The data was then scaled to values between -1 and 1 using MinMaxScaler, and the values saved to invert the scaling. This is a crucial step to ensure that our model has the smallest weights possible.

The way time series forecasting works in supervised learning is it assigns labels to groups of features the size of the lookback. If we have the time series

[10, 20, 30, 40, 50, 60]

and we want to determine the next item from the last 3, we would train the neural network on the data:

[10, 20, 30] -> [40]
[20, 30, 40] -> [50]
[30, 40, 50] -> [60]

The easiest way to transform a table of data into this format is to use Keras’ TimeseriesGenerator, which does all the boilerplate work for you! We will split the data into 70% train and 30% test.

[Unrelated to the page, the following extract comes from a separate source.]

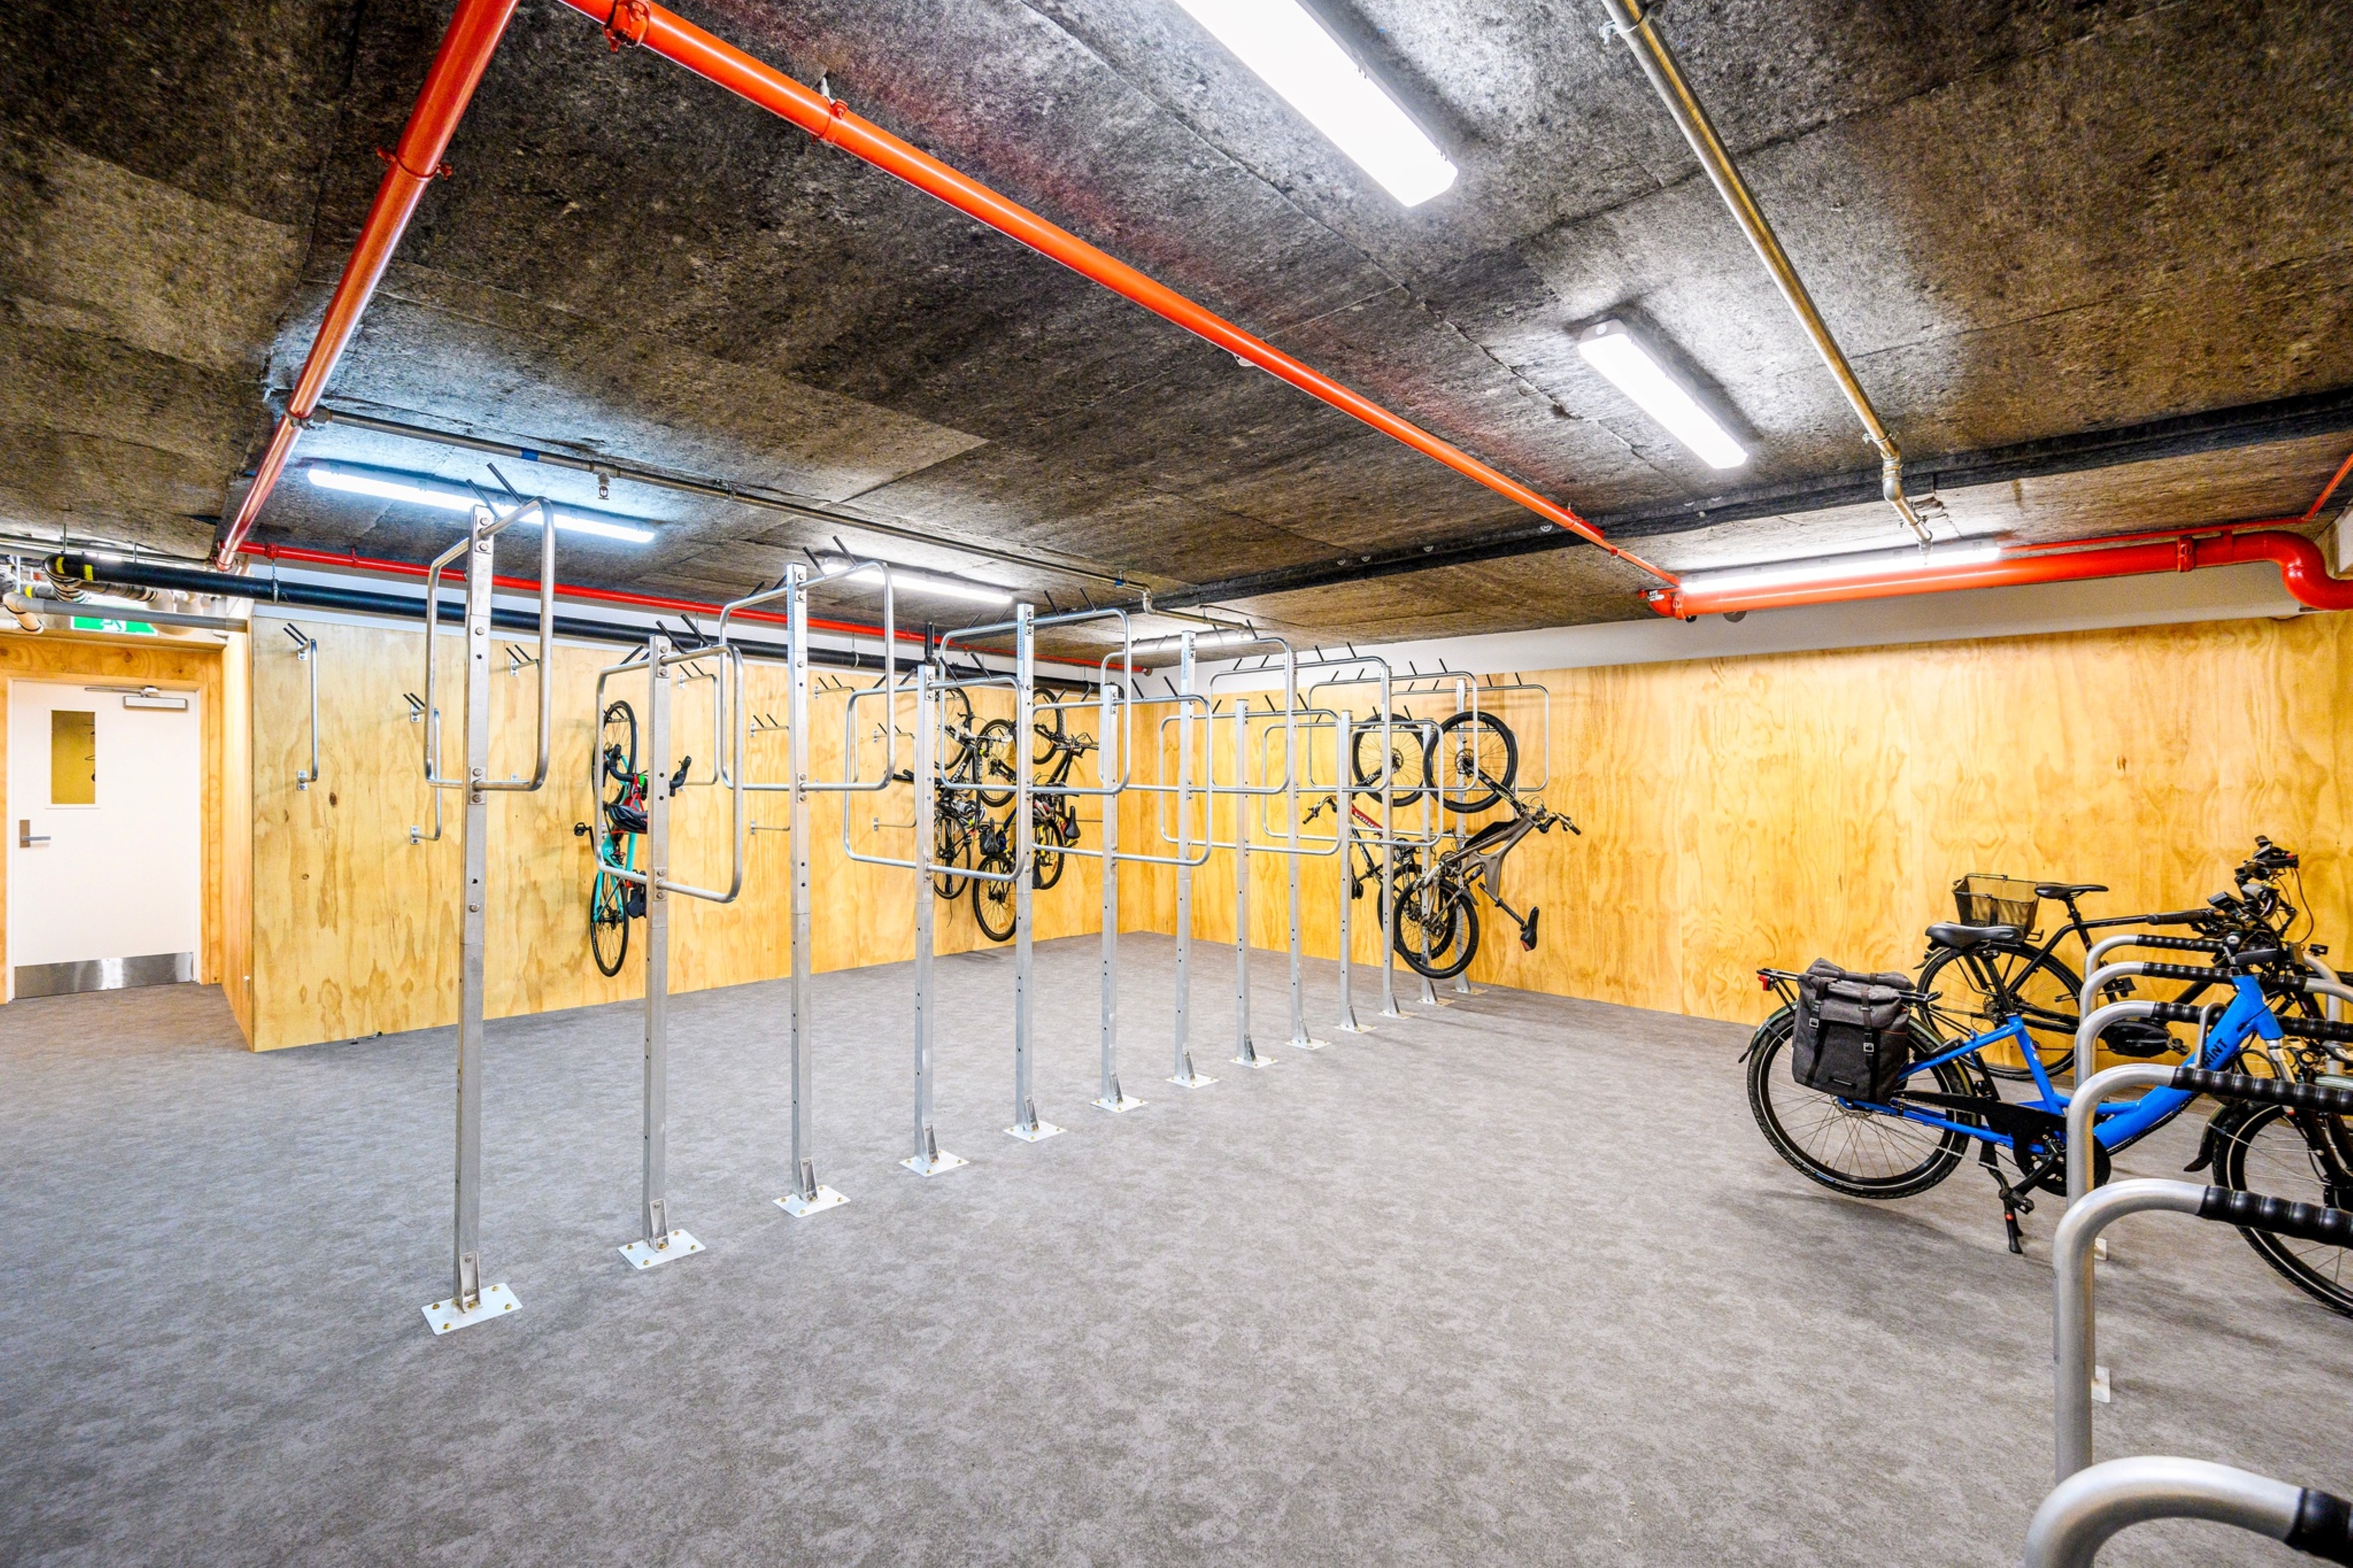 Bike Room

train_size = int(len(dataset_y) * 0.7)
train_x, train_y = dataset_x[:train_size], dataset_y[:train_size]
test_x, test_y = dataset_x[train_size:], dataset_y[train_size:]# look at a weeks worth of data and predict the next day
generator = TimeseriesGenerator(train_x, train_y, length=7, shuffle=False, batch_size=1)
validation_gen = TimeseriesGenerator(test_x, test_y, length=7, shuffle=False, batch_size=1)

Deep-learning models

I loved the idea of using a 1D CNN for time-series forecasting — it is a very elegant and intuitive technique. Nils Ackermann did an amazing introduction to 1D CNNs which I highly recommend. Instead of the usual 2D CNN with 2 width dimensions and 3 (for RGB) depth channels, we will use a 1D CNN with 1 width dimension (time) and 9 depth channels, one for each feature.

model = Sequential()
model.add(Conv1D(filters=8, kernel_size=3, activation=”relu”, padding=”same”, input_shape=(7, 9)))
model.add(Flatten())
model.add(Dense(8, activation=”relu”))
model.add(Dense(1, activation=”tanh”))
model.compile(loss=”mse”, optimizer=optimizers.Adam())
model.fit_generator(generator, epochs=25, validation_data=validation_gen, verbose=1)

Results

Prediction in red, actual in green

This is a pretty good result! It predicted large price movements during the bull run in late 2017, using stock data and r/bitcoin subscriber count alone. Although it doesn’t appear to suffer from the deadly f(t+1) = f(t) bug, it is probably overfitting and would not turn a profit in real life trading (yet).

Conclusions

Convolutional neural networks are not limited to image classification, and have been shown to be effective at multivariate time series forecasting.
I believe improvements to this model will come from more sentiment analysis, like tweet volume, google trends, and news article processing (maybe with NLP to determine bullish/bearish attitudes).
Hype aside, deep learning is an incredibly useful **tool** that can assist in finding order in otherwise overwhelming chaos.